Two Johnston County young farmers, Austin Benson and Hunter Langdon, participated in the 2016 NC State Tobacco Short Course, a week-long event held recently in Raleigh.
Benson has been farming with his father, Randy Benson for two years at Benson Farms of Willow Spring. Last year the father-son team grew 185 acres of flue-cured tobacco.
Langdon, a 2014 graduate of NC State, has been farming for two years in partnership with his father, John. In 2005, Hunter Langdon grew 10 acres of organic flue-cured tobacco.
Johnston Co. native Terri Stutts, a farm loan officer with Southern Bank in Wilson, and Daniel Williams, a research technician at the Central Crops Research Station at Clayton, also participated in the course.
During the Tobacco Short Course, 44 participants took part in two days of classroom studies on everything from greenhouse production of seedling plants to curing leaf ready for market. The group also spent a day participating in a flue-cured tobacco grading session.
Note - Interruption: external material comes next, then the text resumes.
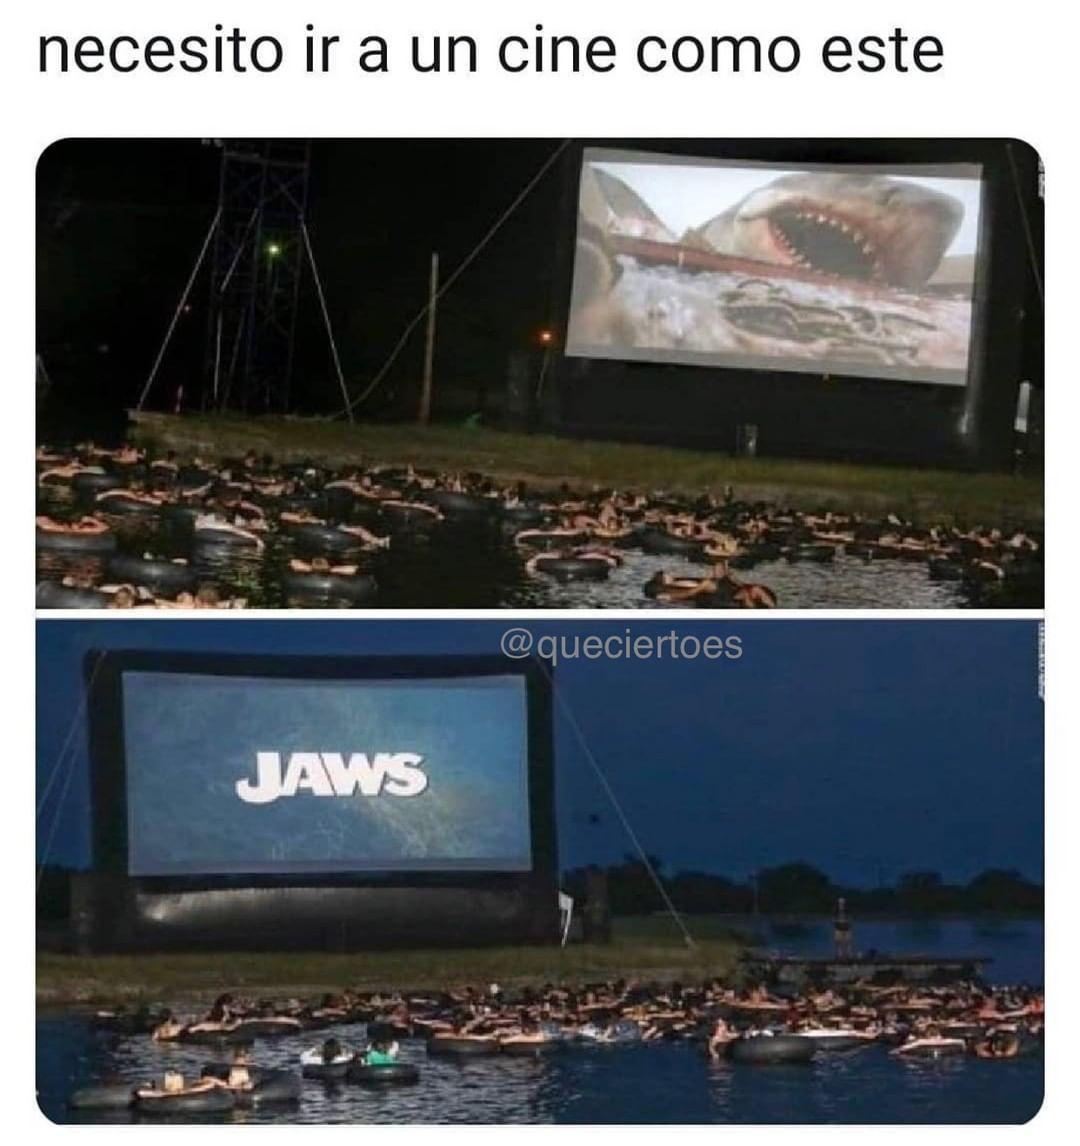 Necesito ir a un cine como este.

“Since the tobacco industry faces continuous change, we need to make sure our younger farmers, their advisors, and other allied industry representatives are able to focus on how to attain efficient, quality tobacco production,” says Dr. Bill Collins, co-director of the Tobacco Short Course.
Instructors in the short course included N.C. State Extension specialists in agricultural economics, agronomy, biological and agricultural engineering, crop science, entomology, and plant pathology. USDA-AMS Tobacco Training Specialist Bobby F. Wellons, a Johnston Co. native, taught the day-long tobacco grading session, which was offered for the first time at the request of growers who had concerns about the grading of their 2015 flue-cured crop.